→ Required work
Given the records below, the lines starting at the line with "Men's Regular-Fit Solid" and ending at the line with "Led mitsubishi. Логотип" should be output exactly, both end lines kept and pictures left out.

→ Data supplied
-*-
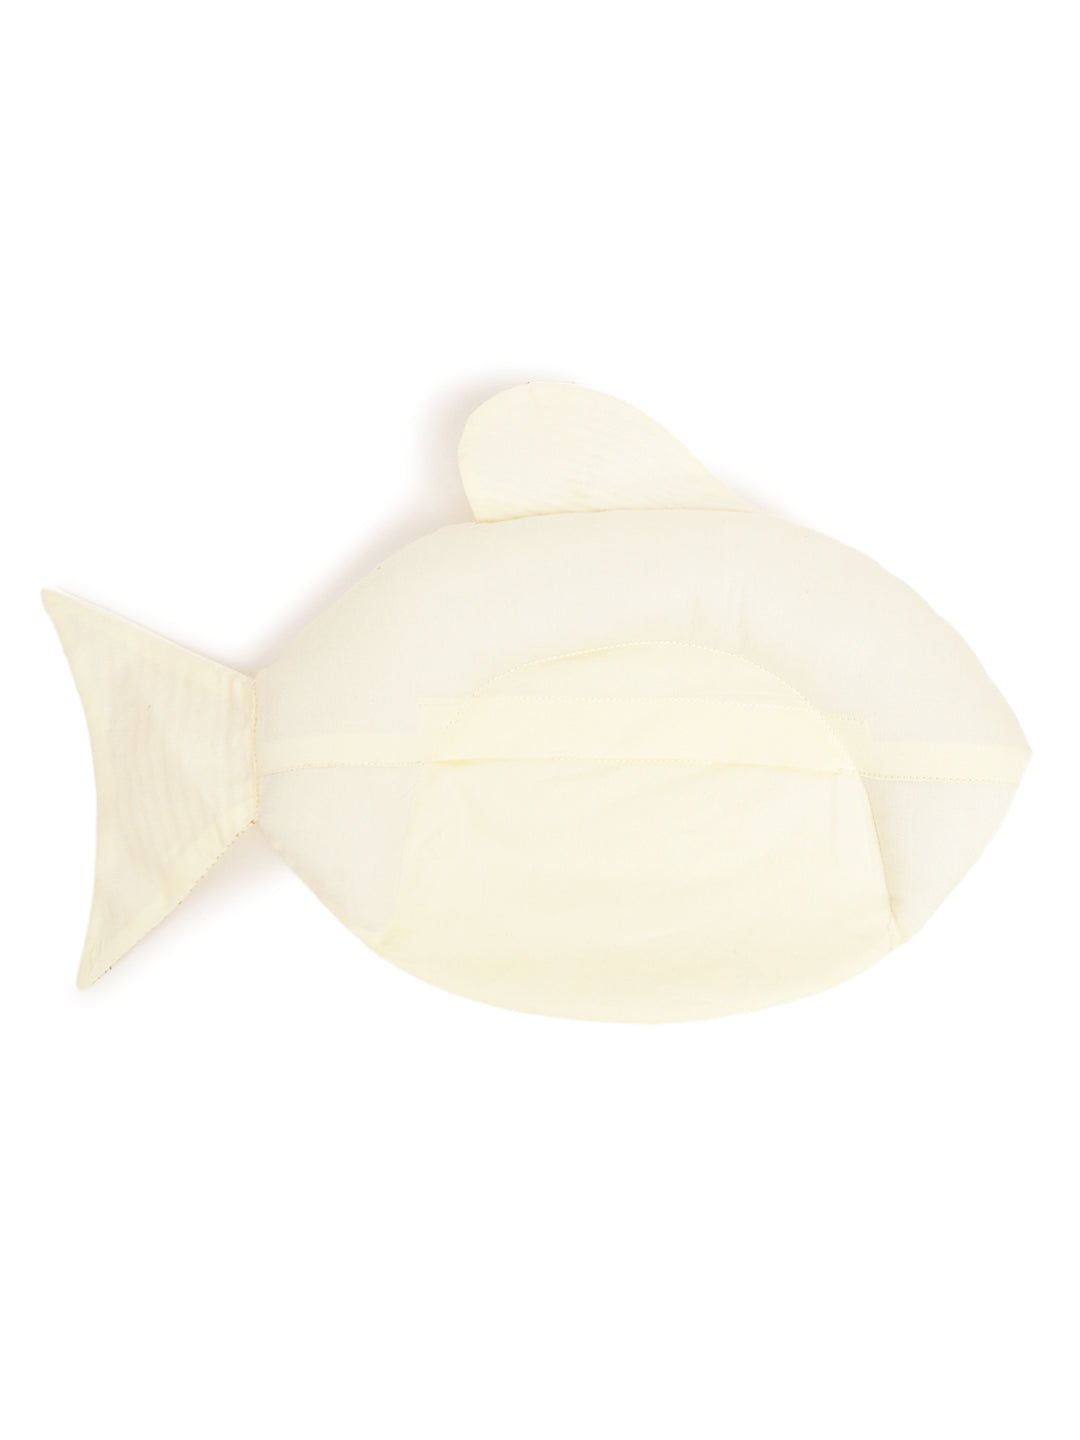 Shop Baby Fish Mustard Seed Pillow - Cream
-*-
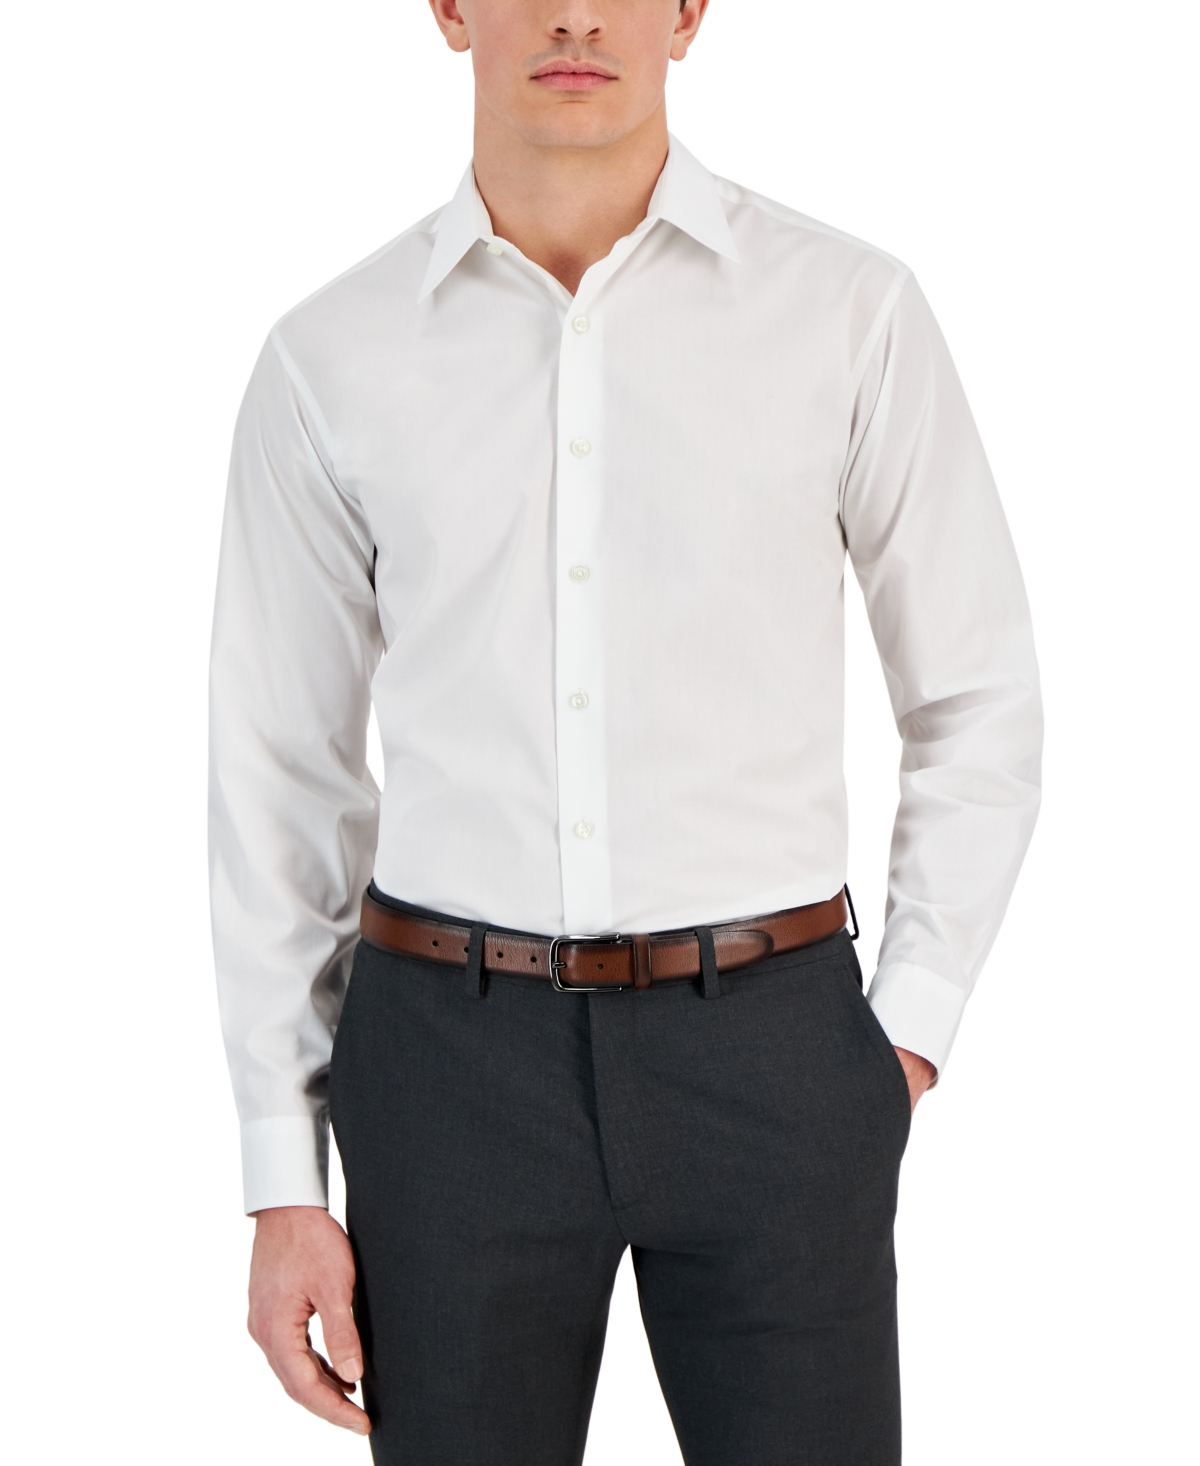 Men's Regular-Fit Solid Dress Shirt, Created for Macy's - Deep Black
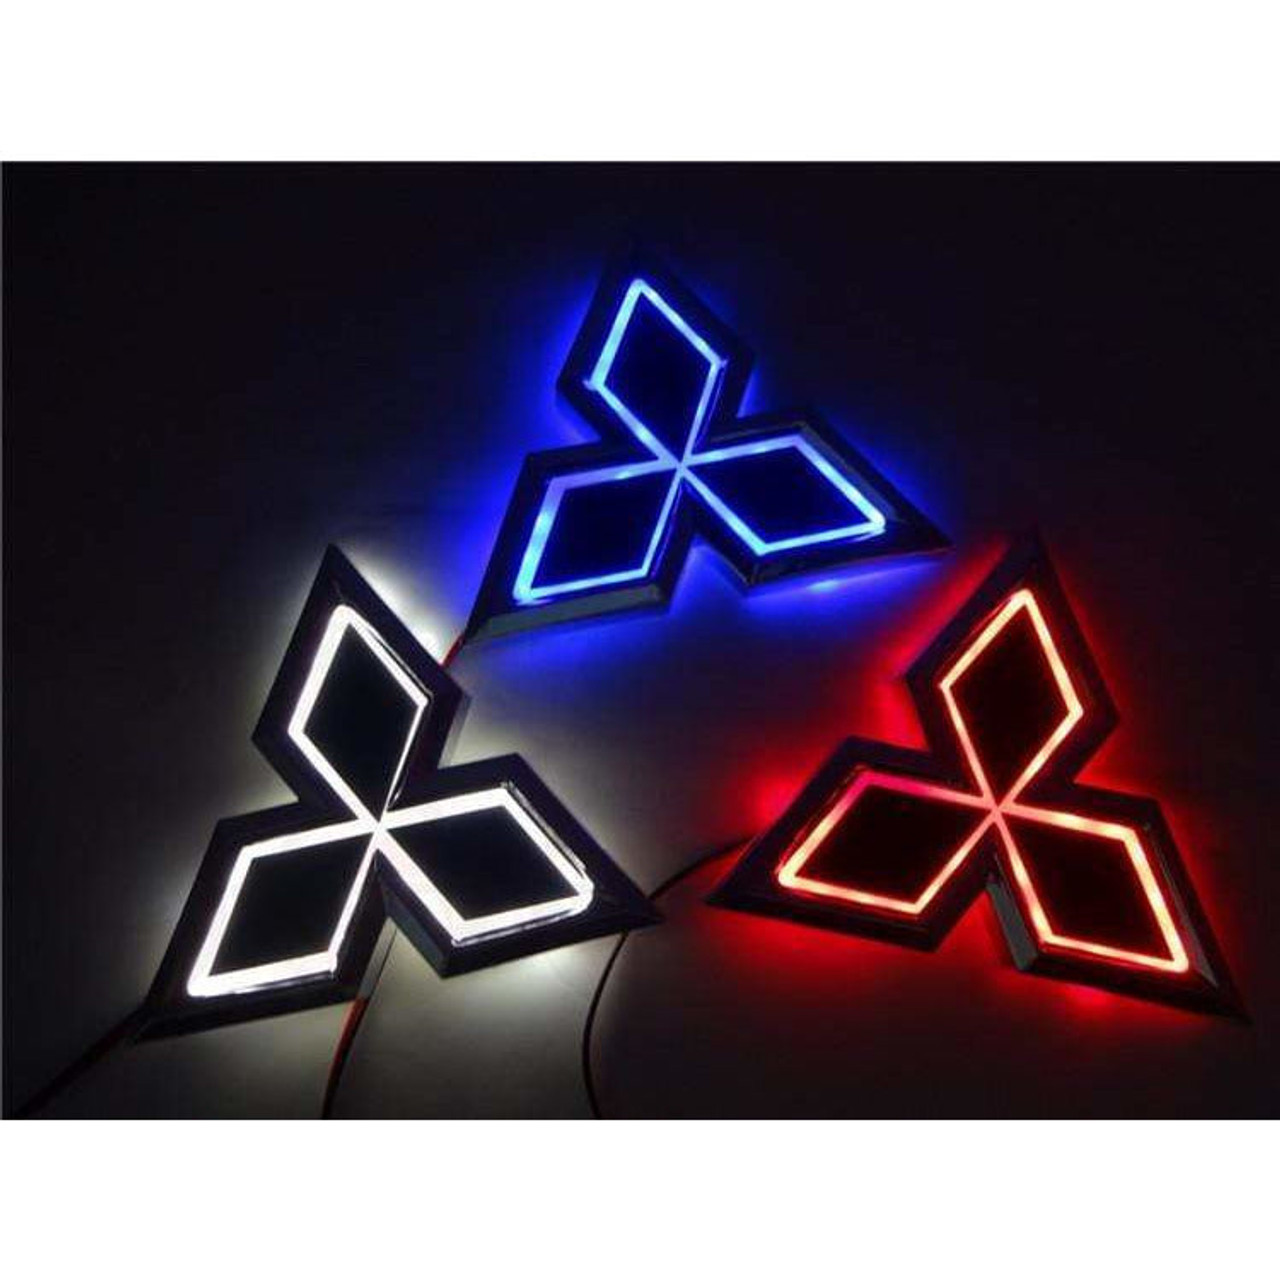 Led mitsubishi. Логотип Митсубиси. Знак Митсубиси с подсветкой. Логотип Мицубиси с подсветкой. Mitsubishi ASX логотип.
-*-
→ Reply
 Men's Regular-Fit Solid Dress Shirt, Created for Macy's - Deep Black
 Led mitsubishi. Логотип Митсубиси. Знак Митсубиси с подсветкой. Логотип Мицубиси с подсветкой. Mitsubishi ASX логотип.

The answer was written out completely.